» DESCRIPTION OF THE TASK:
The data below should be retyped exactly, with the pictures left out.

» COLLECTED MATERIAL:
[Start of Attachment]

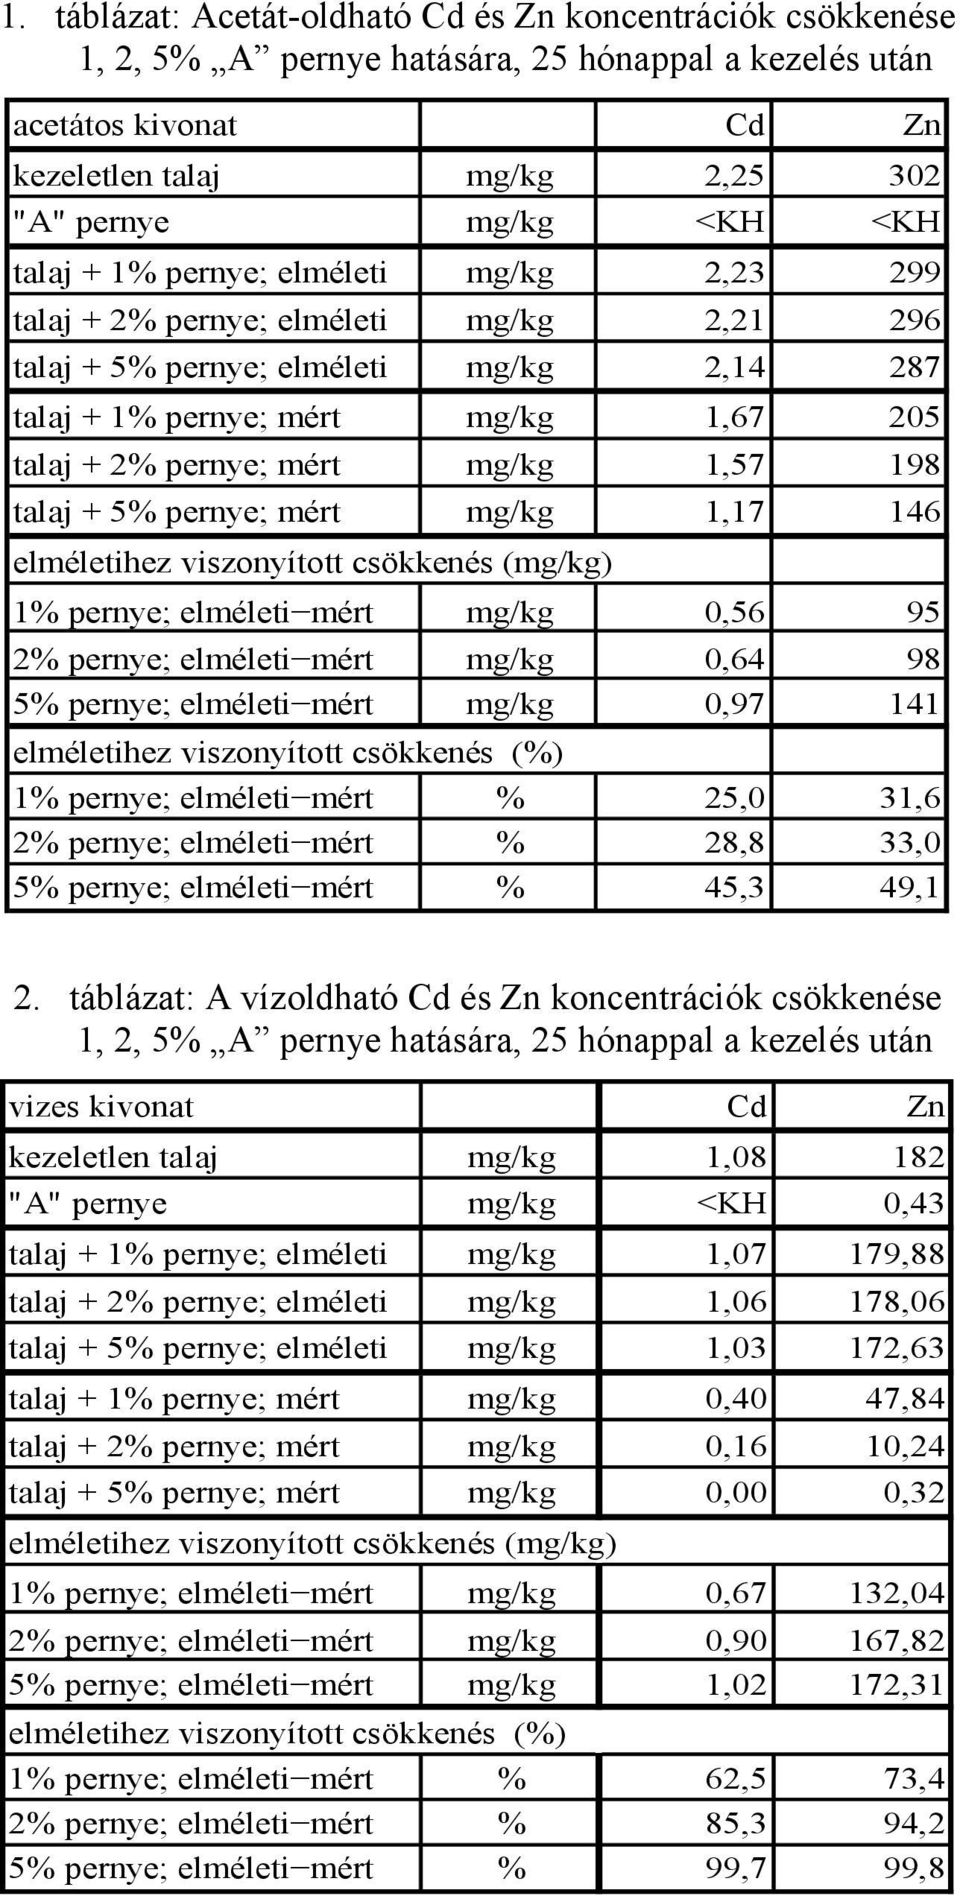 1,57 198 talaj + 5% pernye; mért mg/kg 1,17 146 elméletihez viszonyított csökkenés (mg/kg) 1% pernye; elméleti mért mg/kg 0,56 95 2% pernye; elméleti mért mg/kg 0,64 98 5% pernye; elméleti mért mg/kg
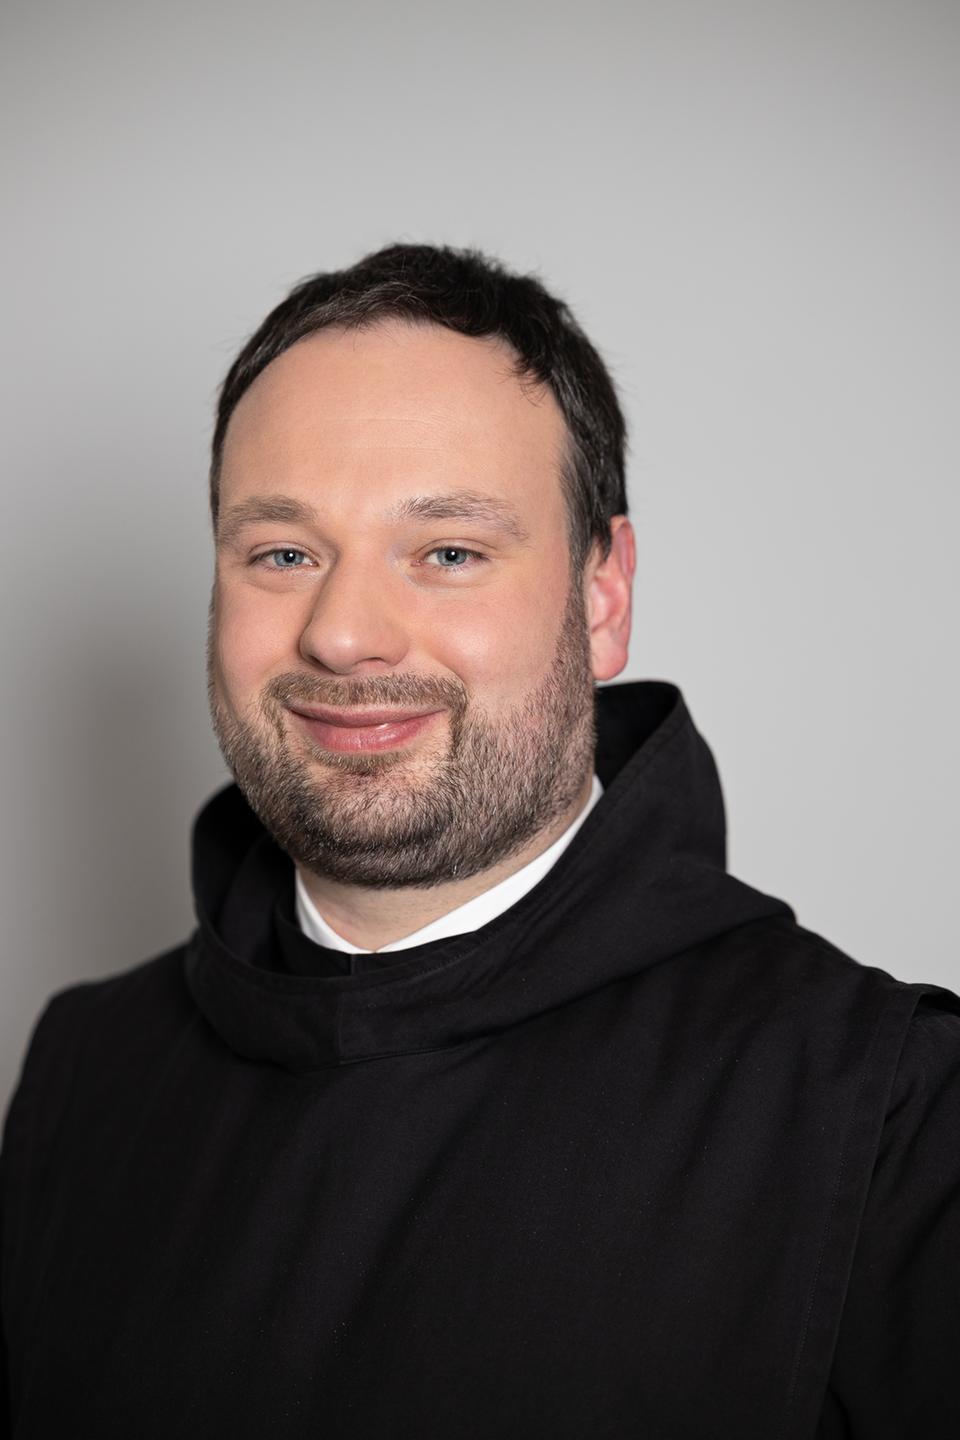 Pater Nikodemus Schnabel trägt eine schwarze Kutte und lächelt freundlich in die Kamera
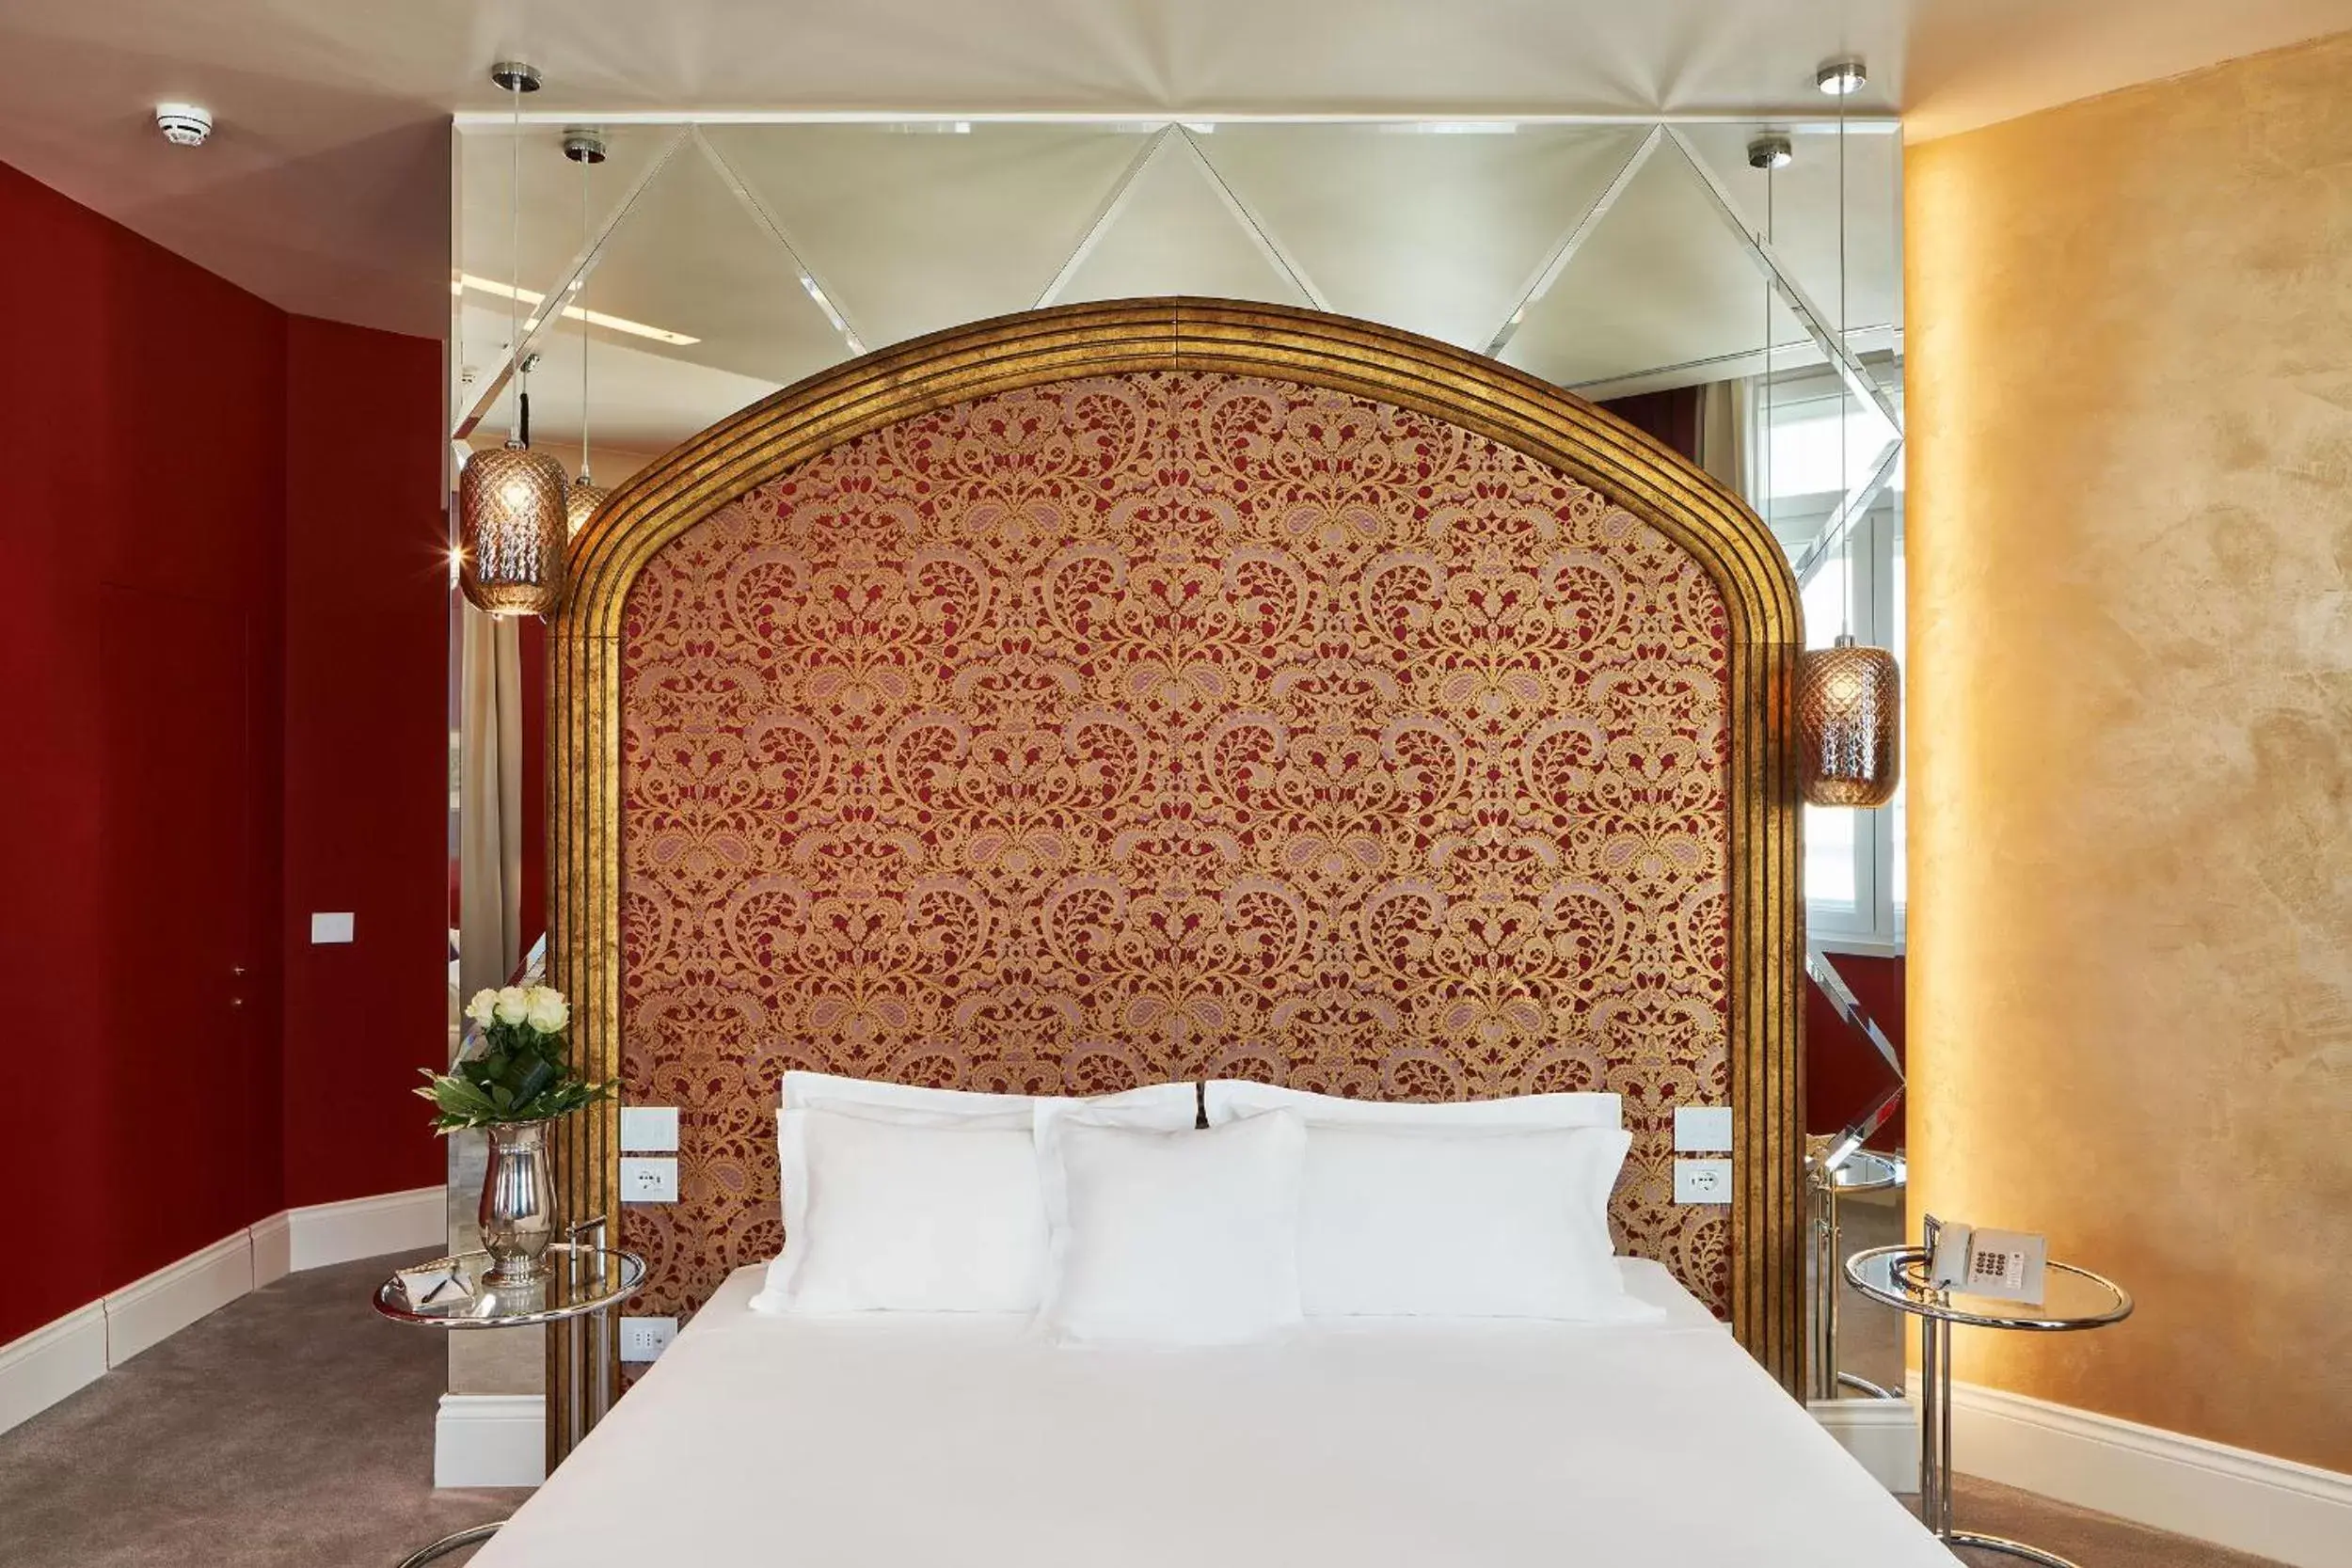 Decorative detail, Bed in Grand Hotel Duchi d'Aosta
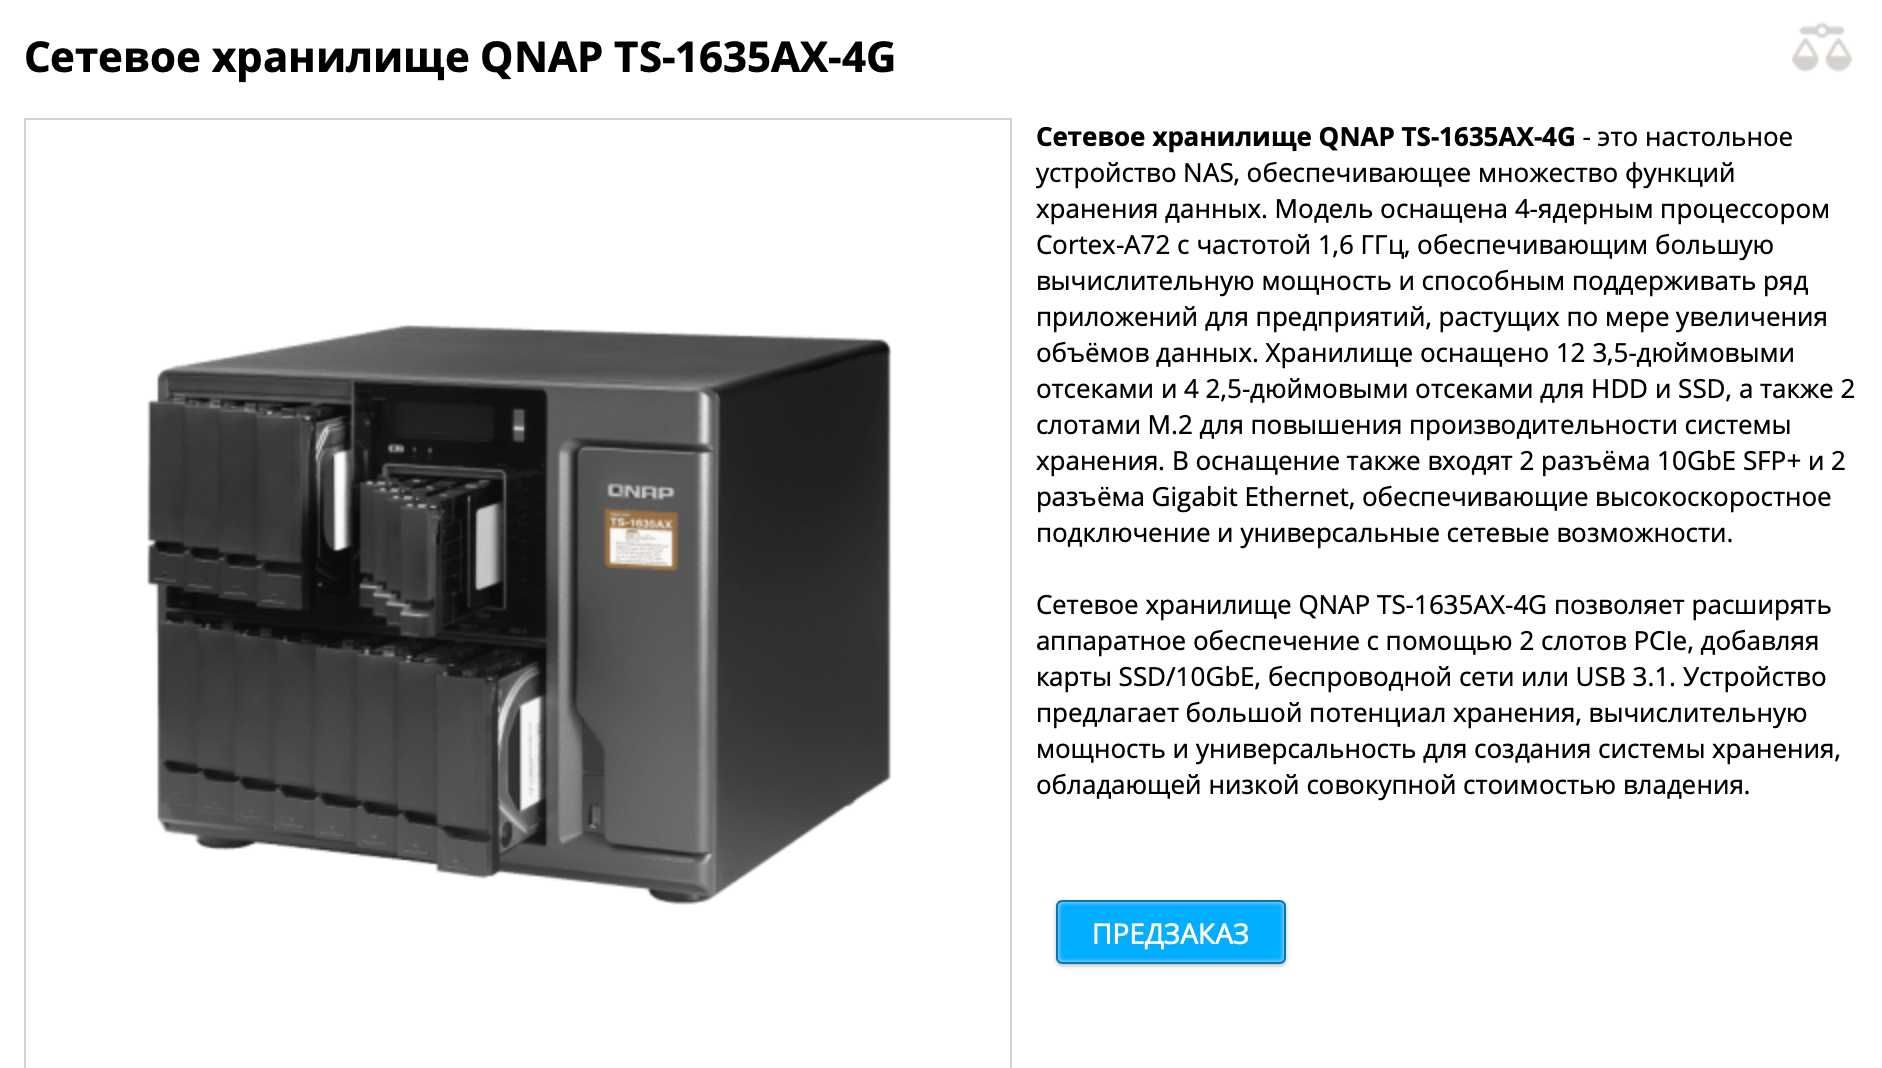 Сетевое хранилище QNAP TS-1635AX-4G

[End of Attachment]

» RESULT FOR THIS EXERCISE:
 1,57 198 talaj + 5% pernye; mért mg/kg 1,17 146 elméletihez viszonyított csökkenés (mg/kg) 1% pernye; elméleti mért mg/kg 0,56 95 2% pernye; elméleti mért mg/kg 0,64 98 5% pernye; elméleti mért mg/kg
 Pater Nikodemus Schnabel trägt eine schwarze Kutte und lächelt freundlich in die Kamera
 Decorative detail, Bed in Grand Hotel Duchi d'Aosta
 Сетевое хранилище QNAP TS-1635AX-4G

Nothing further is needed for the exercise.